Call it "Coulter's Law."
"The longer it takes for the media to identify a perpetrator(s) of an outrageous crime, the less likely the perpetrator(s) is/are to be straight white and male."
A corollary would be "outrageous crimes committed by perpetrators who are not straight, white, and male will be memory holed as quickly as humanly possible."
Ann Coulter stuns the Bill Maher crowd with a simple heuristic: "If it were a white male shooting, we'd know."
— Eric Abbenante (@EricAbbenante) February 17, 2024
Maher: "We don't know who did this shooting. The Superbowl shooting"
Coulter: "If it were a white man shooting, we'd know."
Maher: "You think they're repressing that… pic.twitter.com/qbE27hU5QD
Ann explained her law on Bill Maher's show on Friday, appearing alongside Van Jones.
How do we know that the Kansas City shooters weren't white and male? Because the police haven't revealed the identity of the shooters in any way, shape or form. If they were white, we would have been told who they are already, at least in general terms.
Maher made fun of Coulter's "special powers," but everybody with an ounce of common sense knew that Coulter was right. The only politically correct criminals are white males; crime by any other type of human being has to be downplayed.
Coulter was almost immediately proven correct, as TMZ got exclusive video of the shooters and...they weren't white men.

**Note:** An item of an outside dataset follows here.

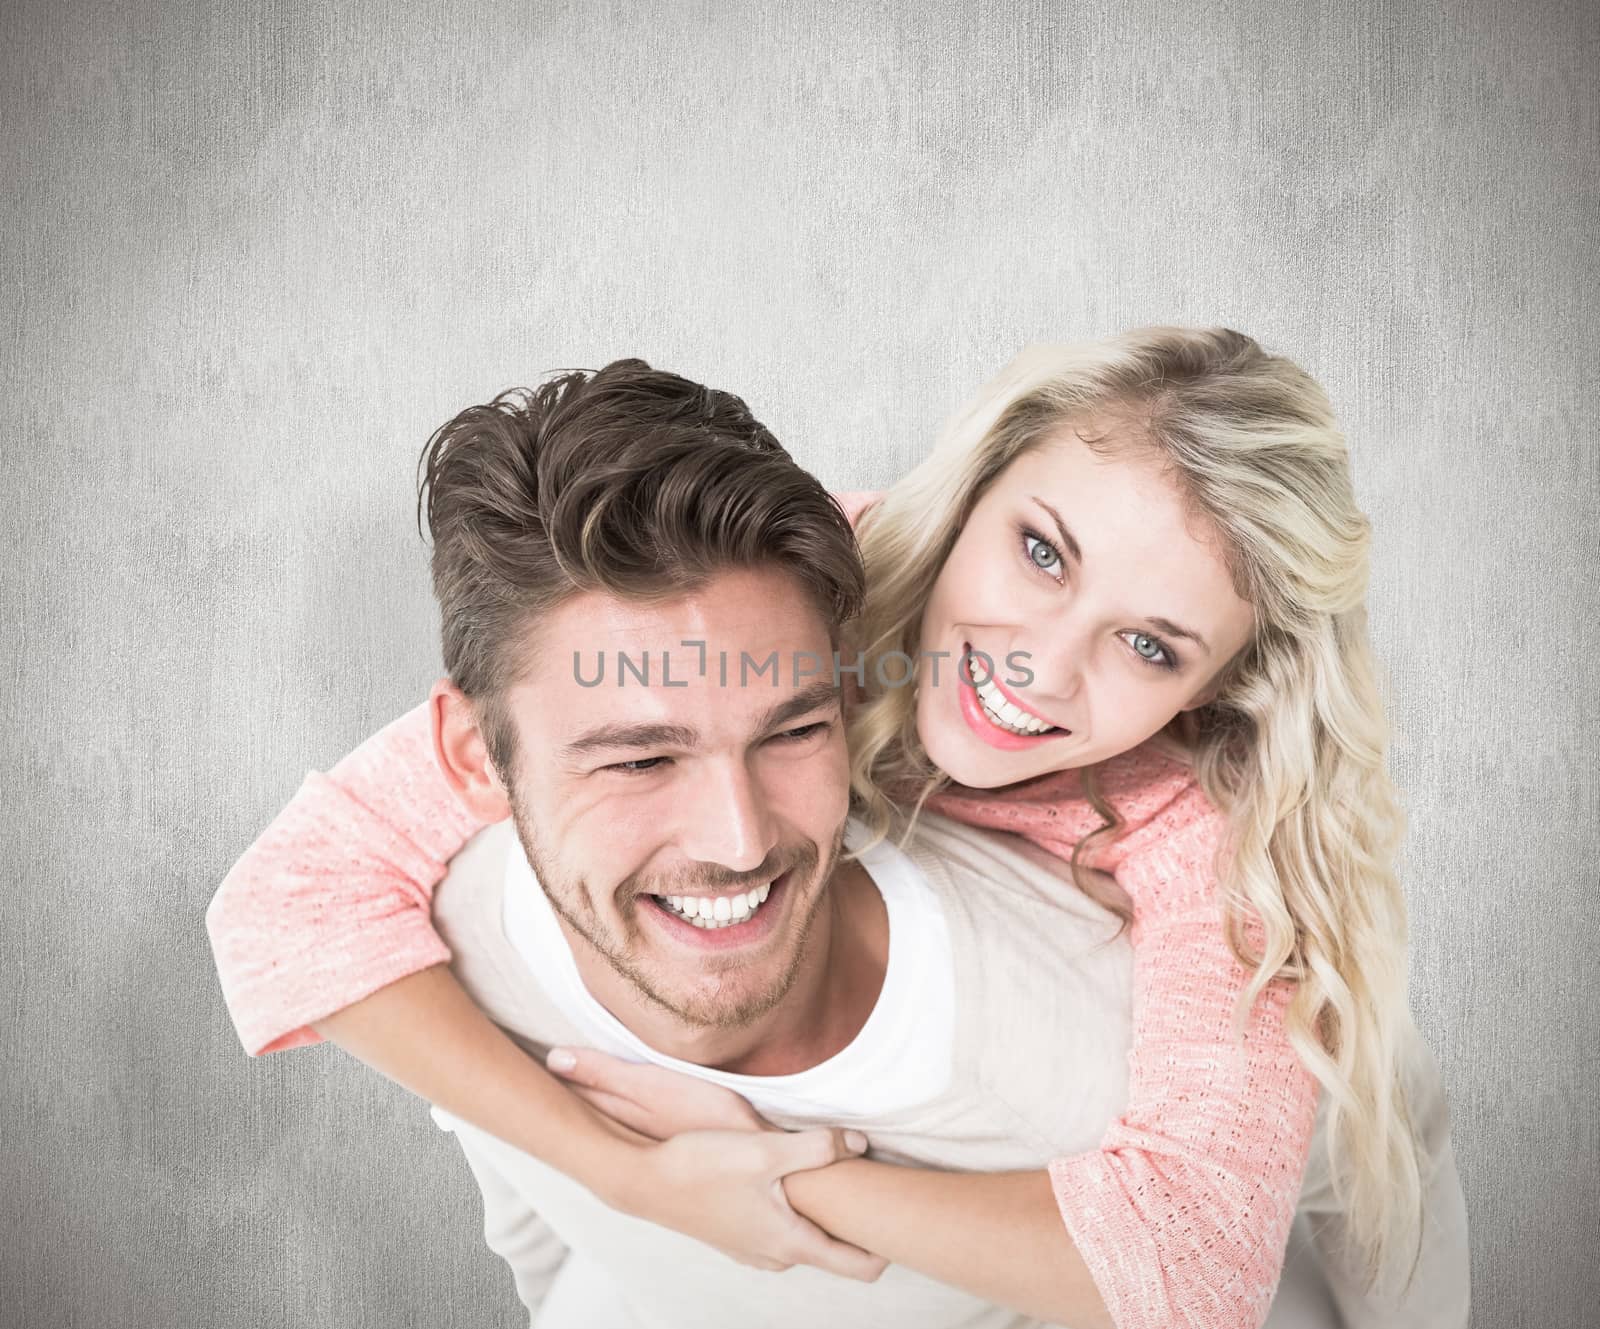 Handsome man giving piggy back to his girlfriend against white background

You knew they wouldn't be. I knew they wouldn't be. Everybody knew that, because we weren't told who they were.
The excuse for the identity black hole in this case is that two of the perpetrators were juveniles, and it's true that juveniles shouldn't have their names splashed all over the media, at least until their guilt has been established.

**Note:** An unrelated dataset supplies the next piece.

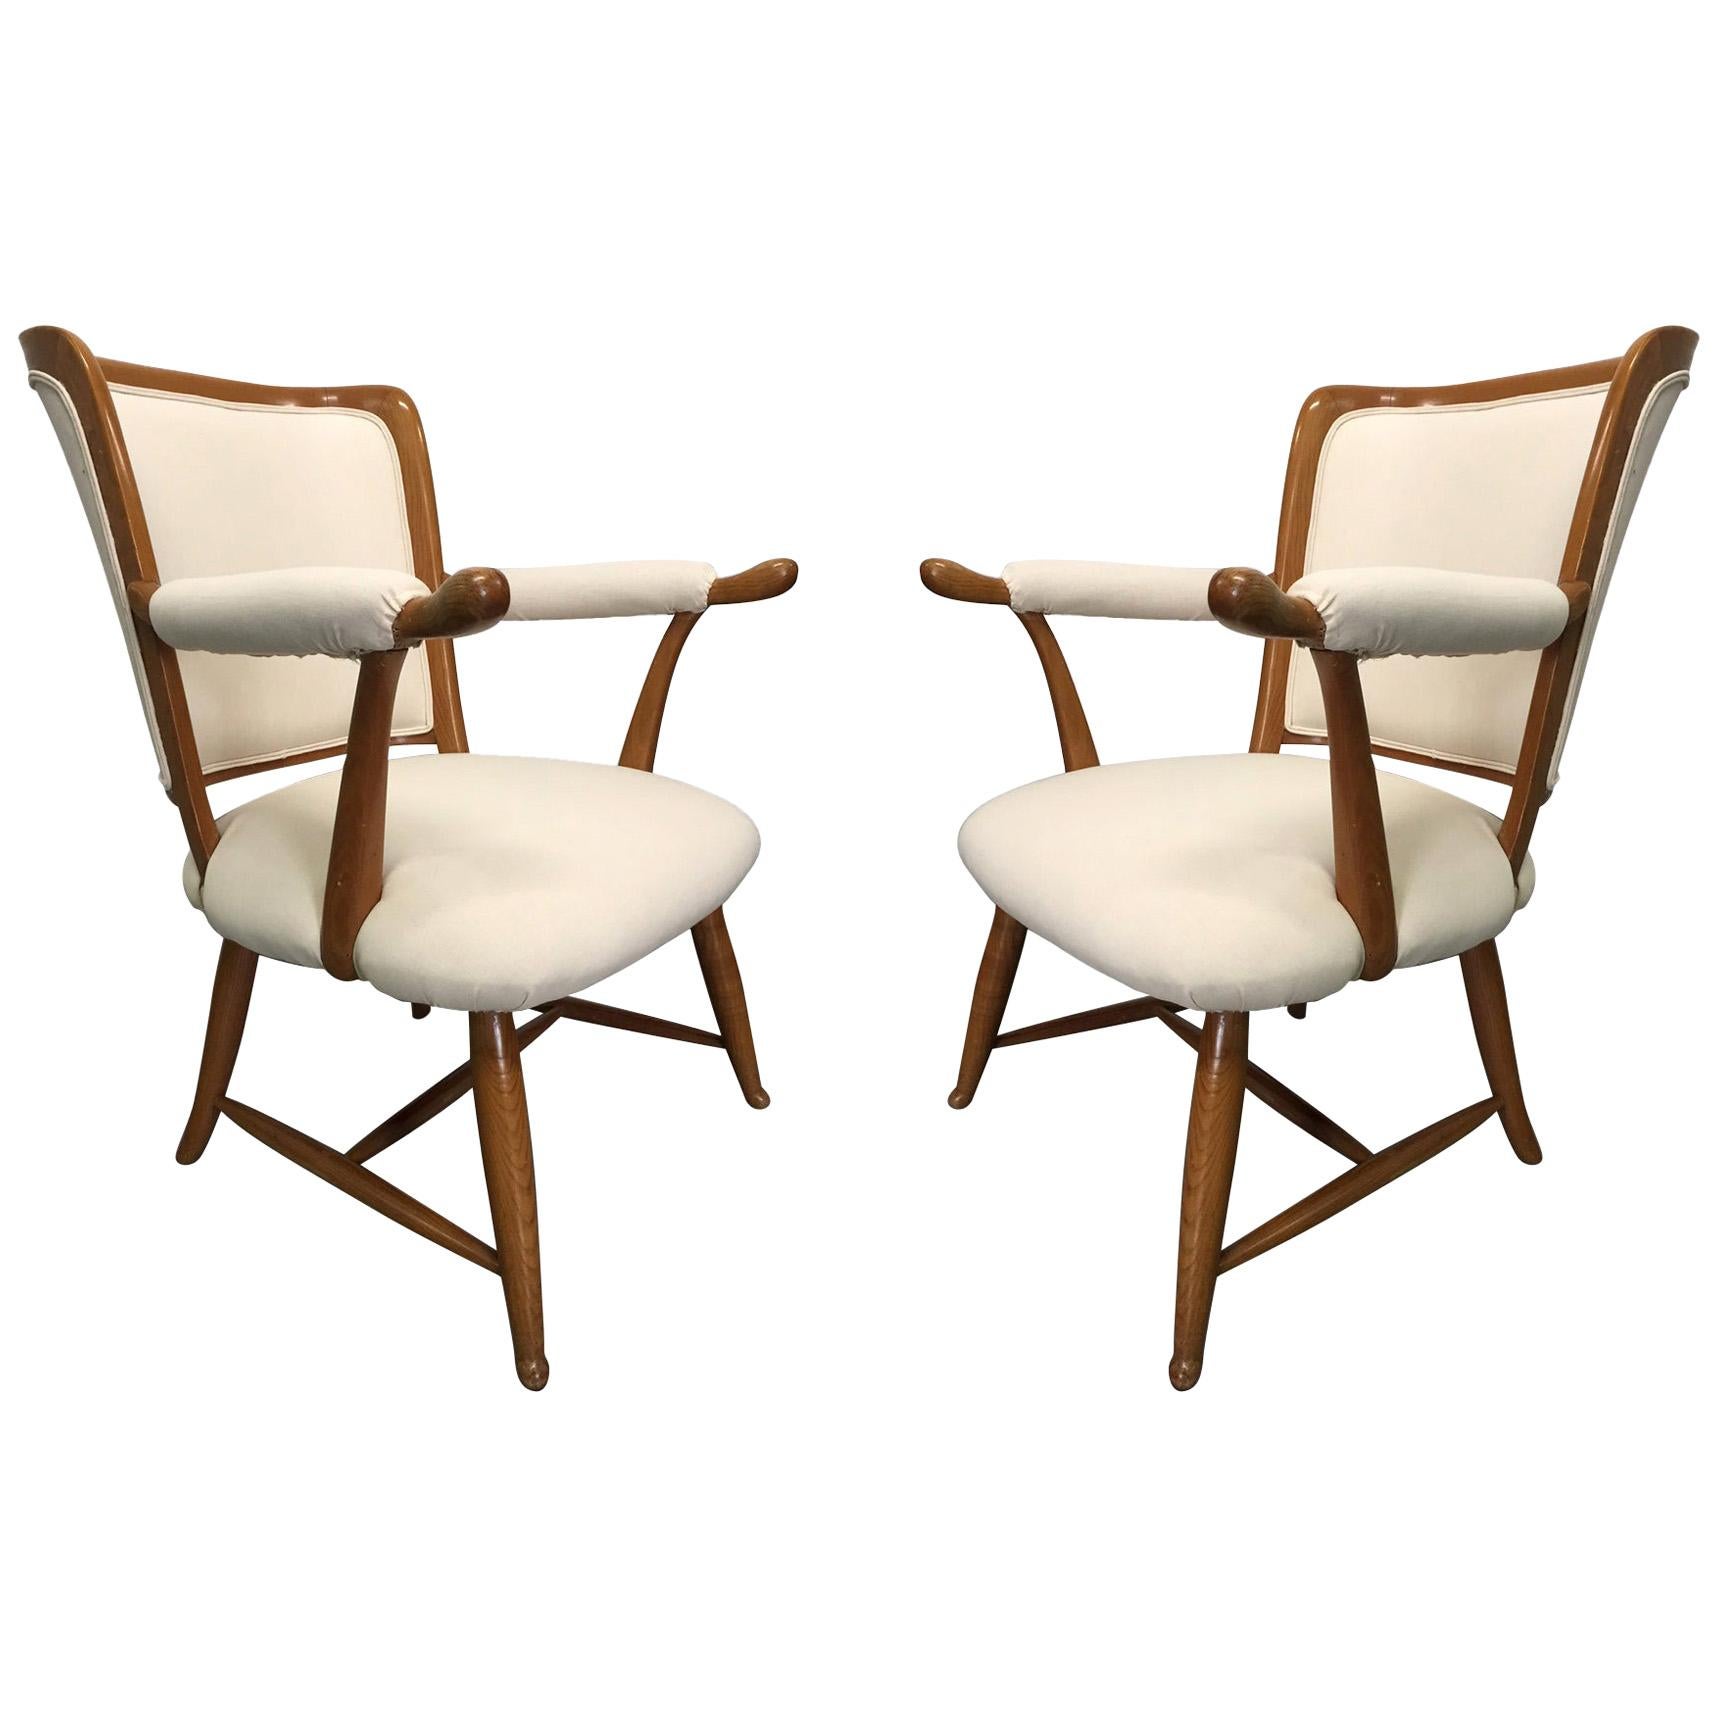 Pair of 1950s French Country Armchairs

But we all know that this rule only applies when the media wants it to. If they want to use a child as a player in their Narrative, they will rip their lives apart on a whim.
If you're a mass shooter at a Kansas City Chiefs parade, the media protects your identity because you're "under 18."

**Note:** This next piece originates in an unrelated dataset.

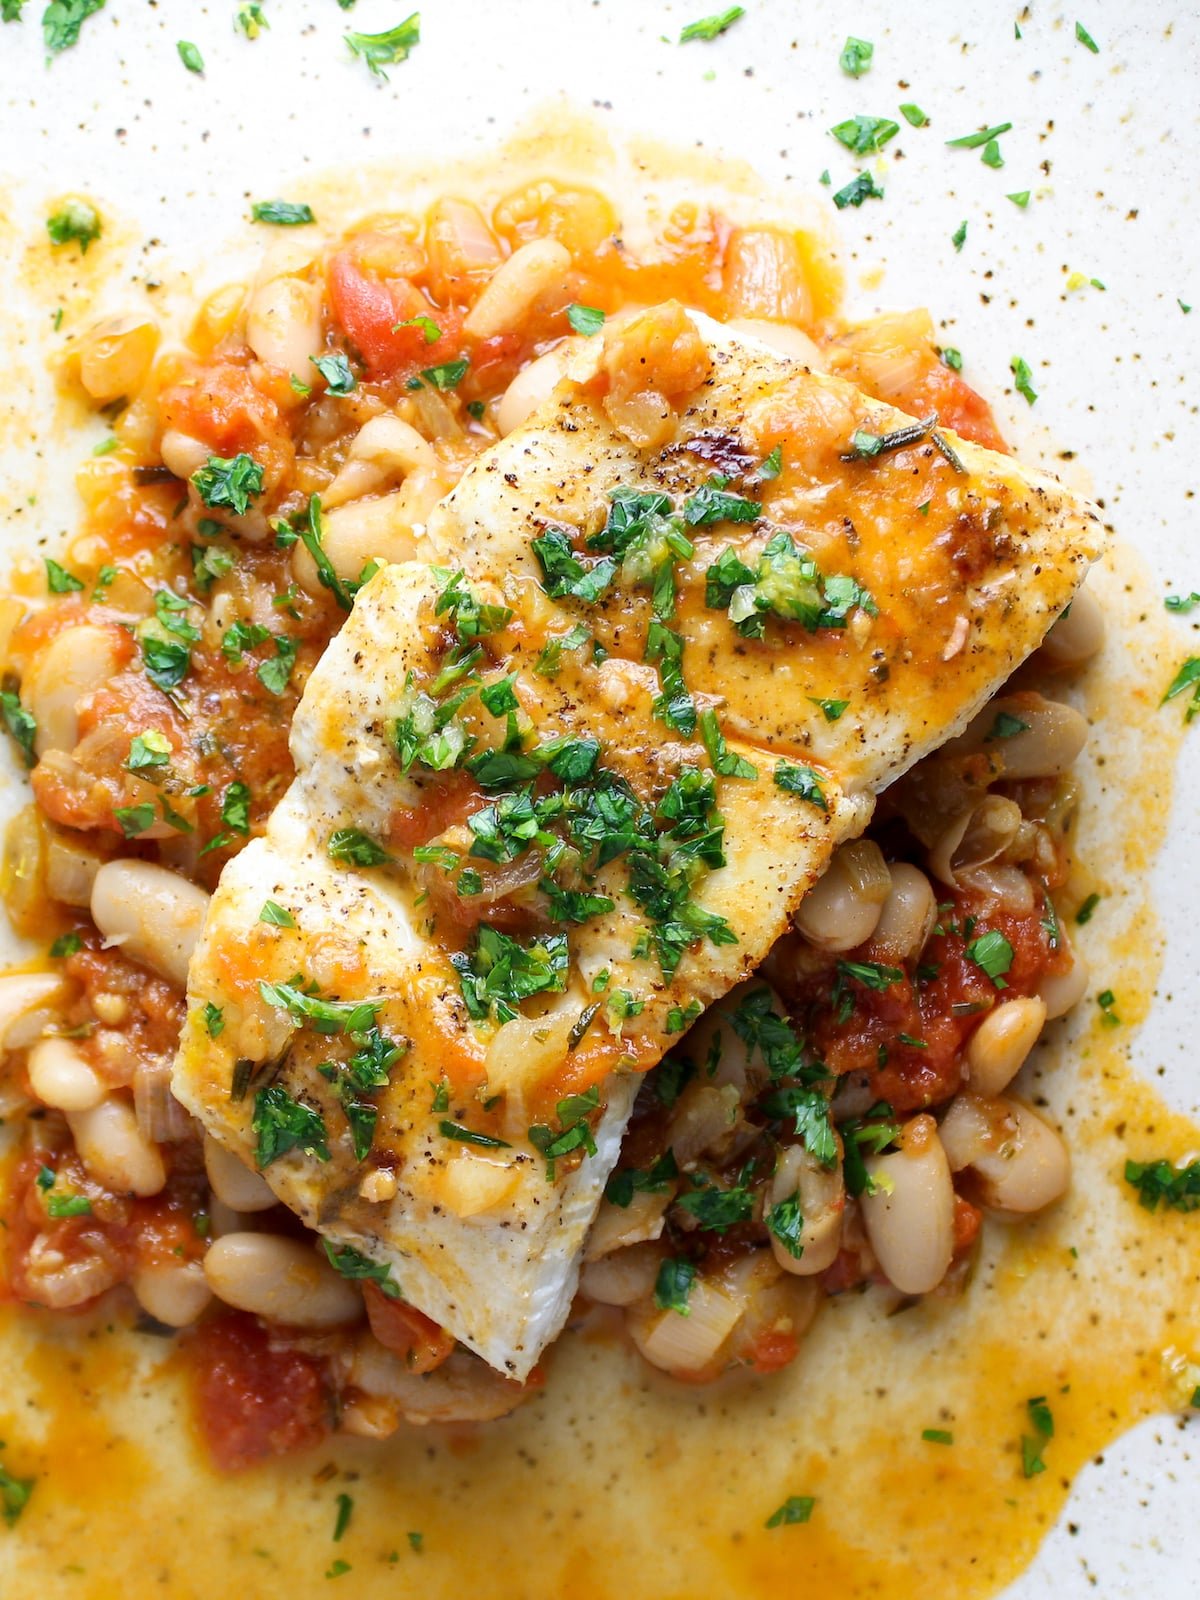 Cooked halibut on a plate with sauteed cannellini beans.

— Tim Young (@TimRunsHisMouth) February 20, 2024
If you're a fan in face paint at a Kansas City Chiefs game, the media tries to ruin your life, calling you a racist at 9 years old. pic.twitter.com/zk7r0GDgsi
Kansas City, Kansas City. The only difference was the narrative that they wanted out there. Ironically, it turned out that the white male child they were lynching turned out to be a Native American, but, hey, he LOOKED white and hence not off limits.
The controversy over a child wearing face paint went on for days, even weeks. I went to Google and looked up the Kansas City shooting and there are no national stories on the shooting in the past few days. Even the TMZ video didn't get play in the MSM.
You can bet if they were white supremacists, the story would be different, right?
The Covington Catholic kids were all juveniles, but the media was thrilled to drag their names through the mud in order to push a false narrative about MAGA males harassing a Native American "elder," whatever that is. Liberals went INSANE over that story, and it was entirely concocted.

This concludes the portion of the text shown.